At last, he comes to the room where Sun-boy is hiding: a large, cavernous space lit by many colored lights that looks, for all the world, like a rave. Except that everyone's asleep; dead tired, there are small heaps of people everywhere, worn out by dancing, lights, drugs, and the ceaseless beat of the congohelium. Only Sun-boy himself, powered by the ball of pure energy in his hands, remains awake, ceaselessly dancing, singing, and playing drums, making music drawn from all the cultures and faiths that humanity had forgotten, the Christians, the Buddhists, the sad songs of Islam and the happy ones of Africa, all together and by themselves. Only he, and his girlfriend, who has remained faithful by the door remain awake; although she admits she sleeps, eats, and dresses elsewhere, she always returns to him, to watch him dance.

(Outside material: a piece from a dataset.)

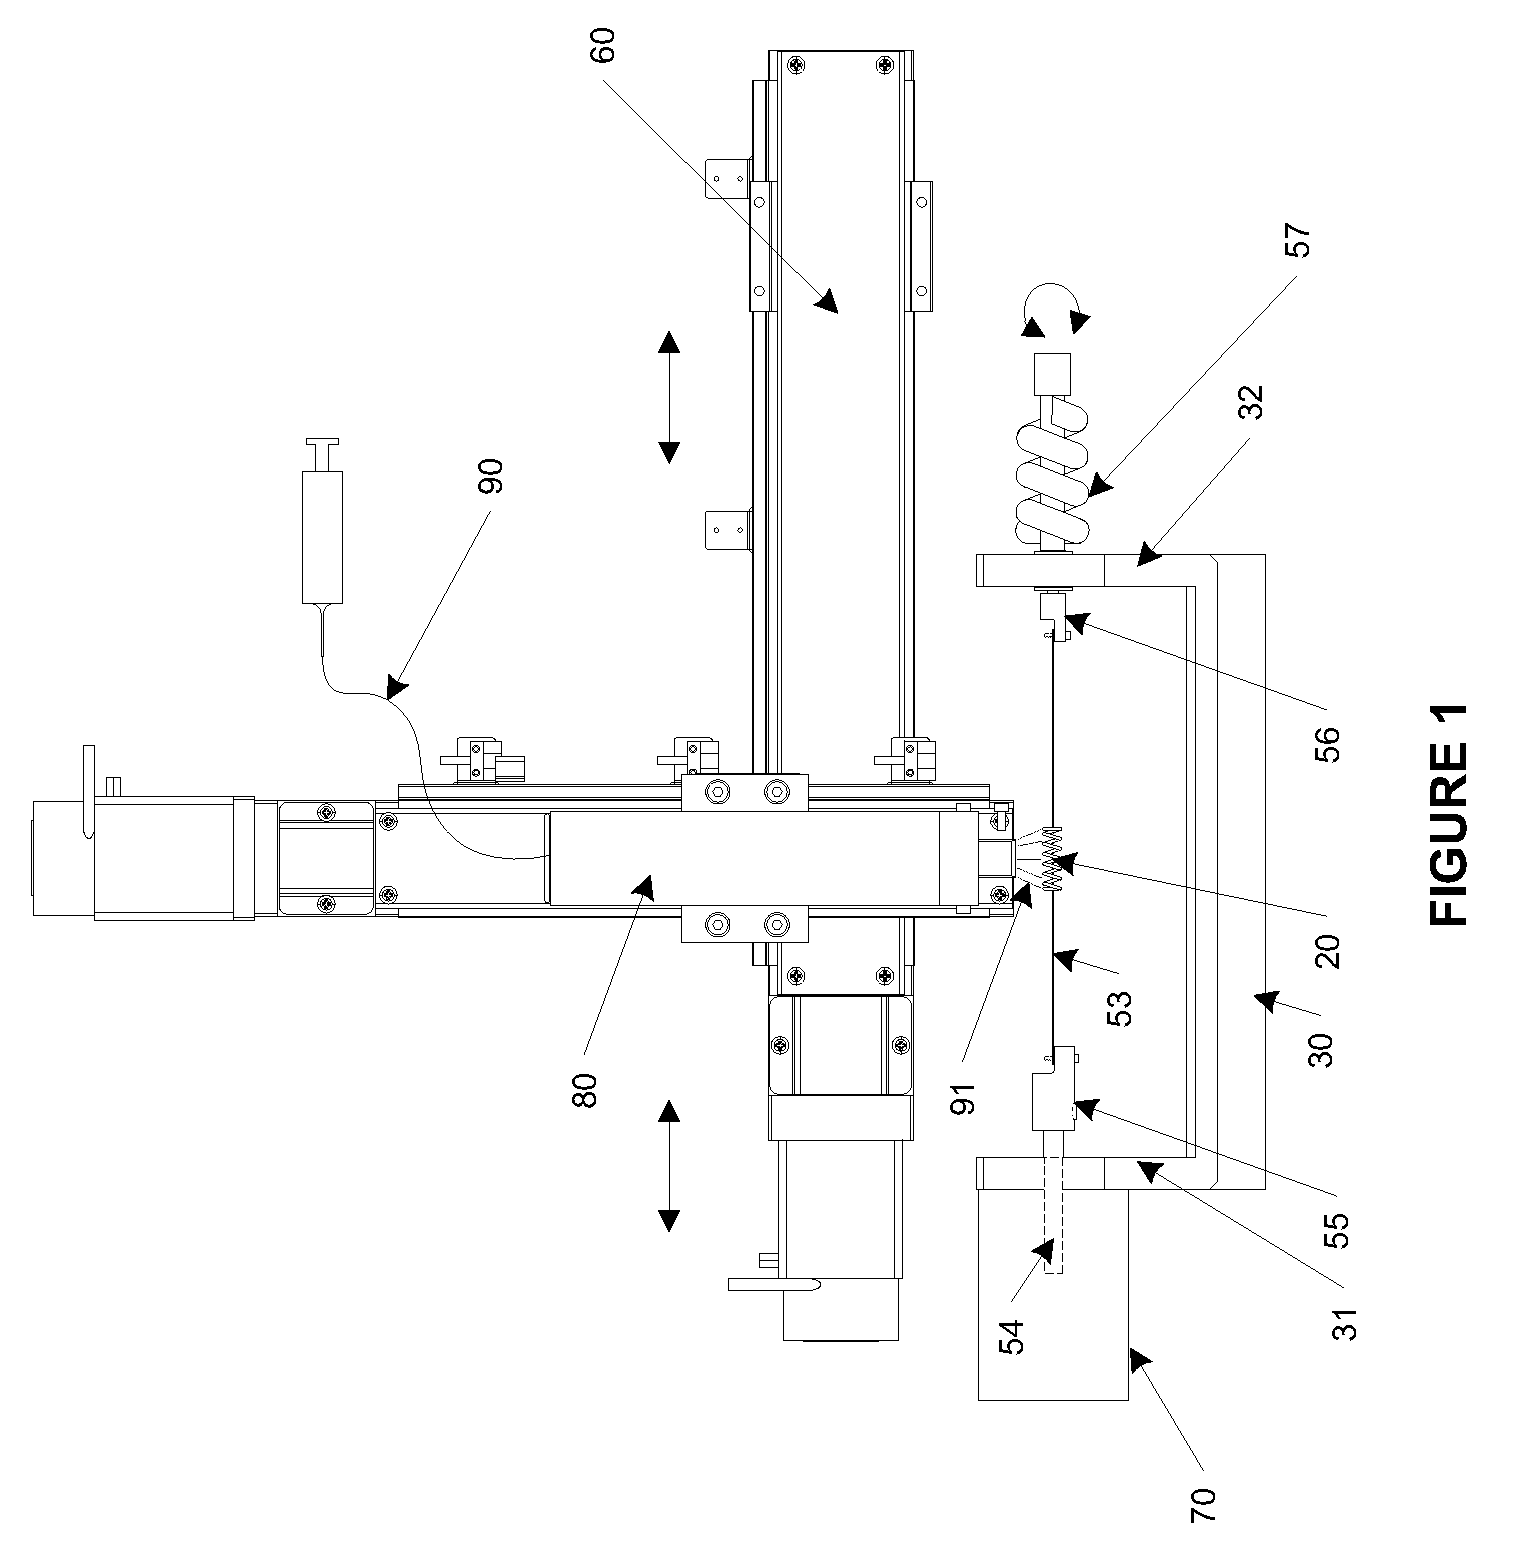 Apparatus for Holding a Medical Device During Coating
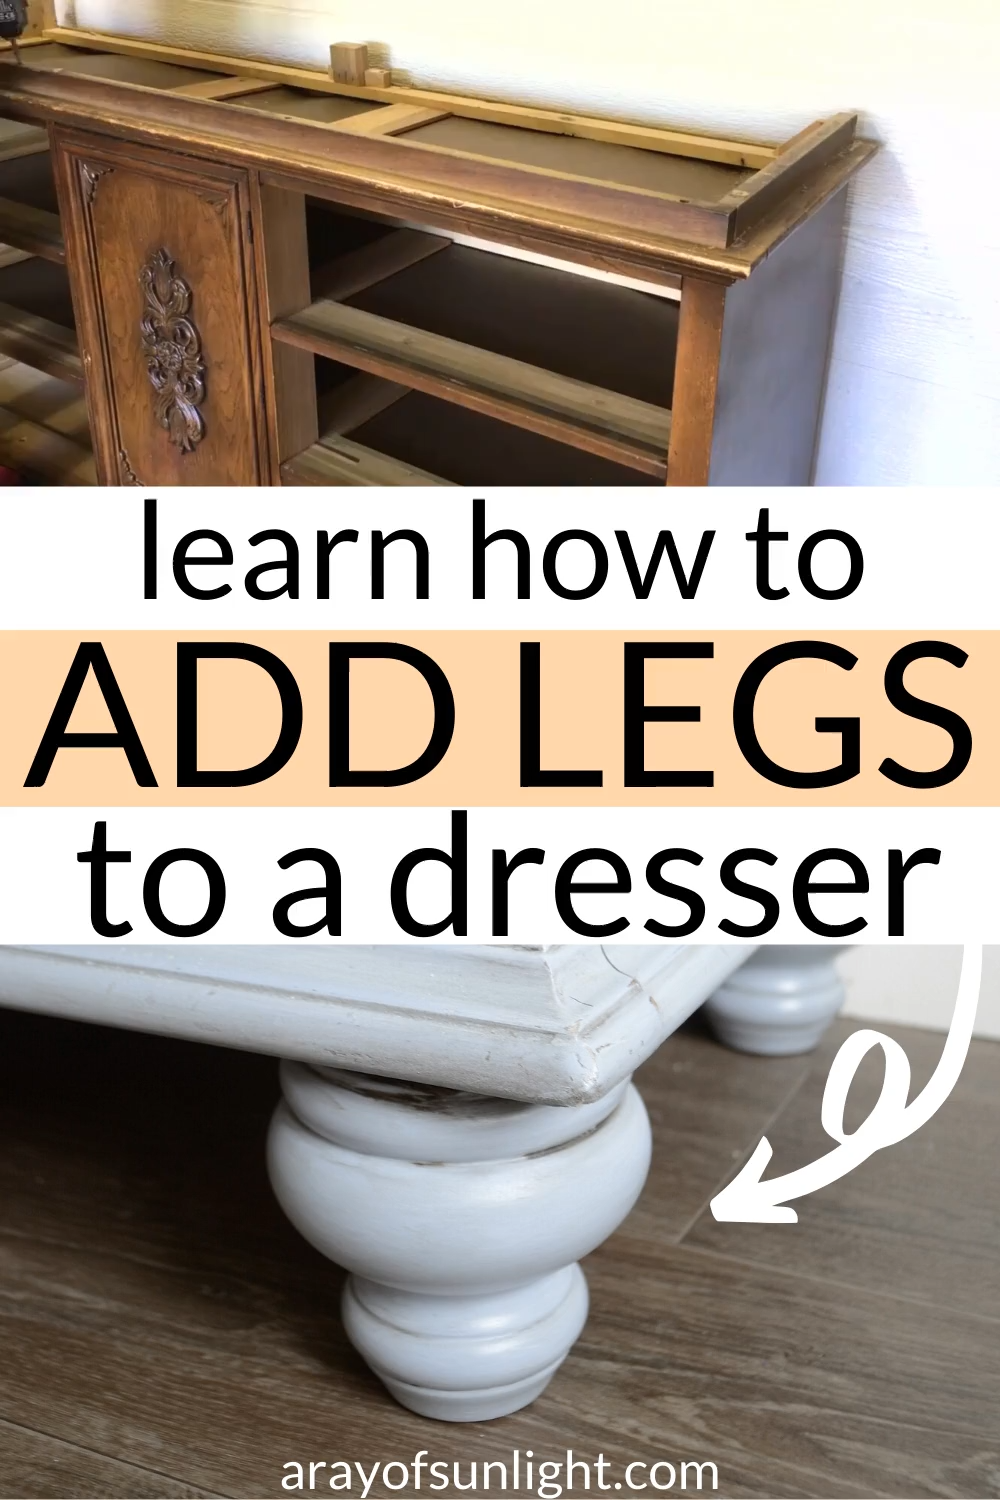 The Best Way to Add Legs to a Dresser - The Best Way to Add Legs to a Dresser -   17 diy Easy table ideas

I won't spoil the ending, but it seems to me that both the good Colonel's considerable powers of observation and his cultural objectivity are serving him very, very well here. The description of the rave (actually it would have been a discotheque, in his day) is spectacularly on the money. He's not at all shocked that these people are on drugs: to him, drugs are what people take when they're idle and allowed to -- vice, he grumbles, is nearly always the same set of dull gestures, and, moreover, he's taken them himself, now and then. (Maybe it's because he's a spy, and not a cop?) The young people capering and dancing under the lights, with their bare young bodies and flamboyant adornments, are fun to watch. And as for the music -- he's saying, in effect, the rest of the world likes music that's percussive, religious, passionate and loud...it's we who are the anomaly. Their lyrics are as good as poetry. He'd gladly end his days in such a place, as the Lord Sto Odin does, his last dying vision a wavering image of Sun-boy's dancing.

But for the leftist ideology of their leaders, and their attempts to overthrow the government, he's afraid that professionally, and personally, he might have to kill them. Damn.